Sometimes a great movie can have a shitty theme song, and sometimes a shitty movie can have a great theme song. But sometimes a great movie can have a great theme song. Back To The Future is one such movie, and "The Power of Love" is one such theme song.
From the very opening two-chord synth blast, the tune jumps out of the speakers stronger and harder than a bad girl's dream (and that's pretty damn strong). The verse melody has sort of a smoky, low-key vibe, with a touch of bluesy weariness (I wonder if that's Chuck Berry's cousin Marvin playing the snaky guitar solo?), which is what makes that switch into the major key of the chorus so inspiring; the verse suggests that the song is going to be a downer, but then the chorus hits you with the force of 10,000 gigawatts. Personally, I'm more familiar with the power of love to make a man weep rather than sing, but when Huey belts out, "Don't need money/Don't take fame/Don't need no credit card to ride this train," I feel like I could punch a thousand Biff Tannens in the face a thousand times.
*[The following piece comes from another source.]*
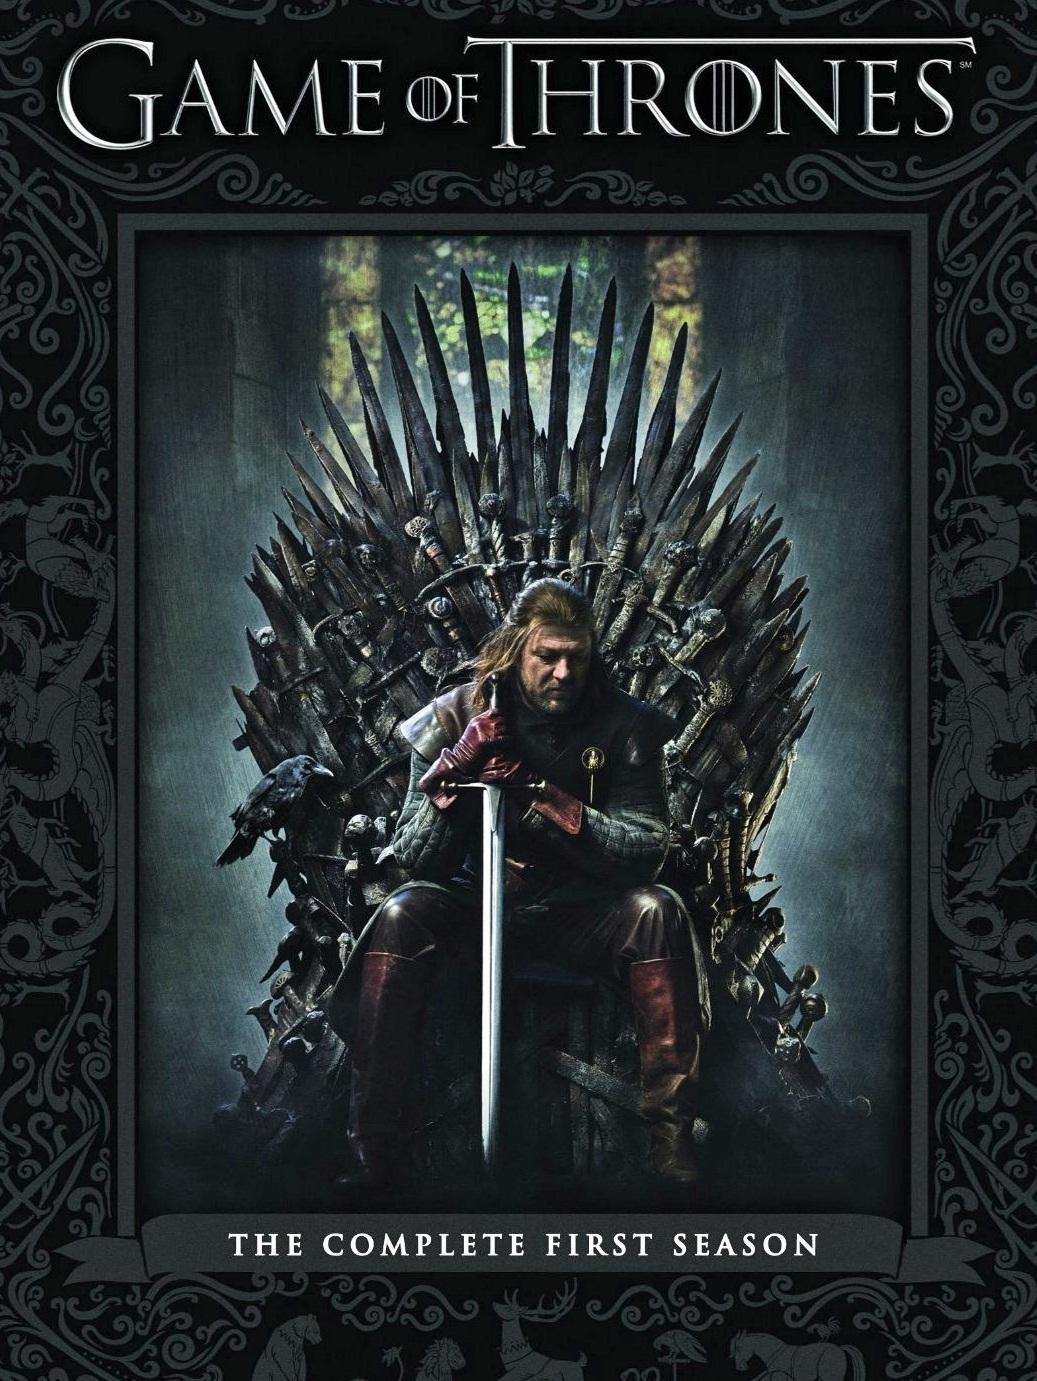 http://3.bp.blogspot.com/-OCjIc4mPKJc/T5g7Pig7uAI/AAAAAAAACJ4/4UcAEH5Hrlg/s1600/Game-of-Thrones_S1-DVD.jpg1.jpg

Well, it may take neither money nor fame to ride that proverbial train, but "The Power Of Love" certainly earned Huey Lewis and the News plenty of both; the song became their first US #1 hit, and their biggest UK hit at #9. The single was so killer that it probably would have become one of their biggest hits regardless, but I'm sure the extra Hollywood promotion didn't exactly hurt. So the perfect pairing of song and film was always going to be Huey Lewis' and Robert Zemeckis' density, right? That's what they've told you at any rate. The truth is more shocking. Incredibly, "The Power of Love" almost didn't get made. The Universal Studios PR department did its best to suppress the behind-the scenes drama, but in a rare interview for a Lithuanian radio program a couple of years ago, Zemeckis finally shared a surprising story:
Well, we were on the set one day, and I was fooling around with the DeLorean between takes, and suddenly the door slammed shut on me, all the lights and the electrodes started flickering, and ... it just took off. There was a blinding flash, and I finally got the car under control. When I stepped on the breaks and opened the door, you know, I couldn't believe it, but it was 1945! I tried to find Christopher Lloyd to maybe figure out how to get back to the set and finish the movie and everything, but everybody was looking at me funny and nobody took me seriously. I couldn't buy anything because they didn't think my '80s money was real. So I tried to rob a nice young lady, and it turns out that nice young lady was Huey Lewis' mom, and she was supposed to be robbed by Huey Lewis' dad just a couple of minutes later, because that's how they met. But it took me a little while to figure that out. I went back to the DeLorean to listen to "The Power of Love" on the cassette deck, but it started ... fading out, and sounding all distorted and drenched in static. The song was disappearing! I realized I had messed with the whole space-time continuum! So finally I had to hunt down Christopher Lloyd, who was only 7 years old, but I convinced him that I was really from the future, and we hatched a zany plan to get Huey Lewis' mom and dad back together, and then I played this really far-out version of "My Ding-A-Ling" at the school dance, and everything worked out OK. But yeah, we almost didn't get the song in the movie."Great scott!
4 comments:
I have to say that I've never seen that long introduction to the music video.
Never, ever? Didn't Michael Jackson have at least five videos like that?
And of course it's totally worth the wait because it all leads up to an incredible clip of ... Huey Lewis and the News performing in some bar.
I meant I had never seen the long intro to this video, I think Michael takes the cake on long music video intros, though the full intro to Puff Daddy/Notorious BIGs 'Victory' is pretty good too - Danny Devito, Dennis Hopper! All of Puff's pals!
And Busta Rhymes! Needs more helicopters though. And more motorcycles. I'm guessing Biggie wasn't even alive by this point?
It says something about my high opinion of your grammar that I thought you were trying to write "I've never seen that long OF AN introduction to the music video" and you'd simply left out "of an." You're better than I thought!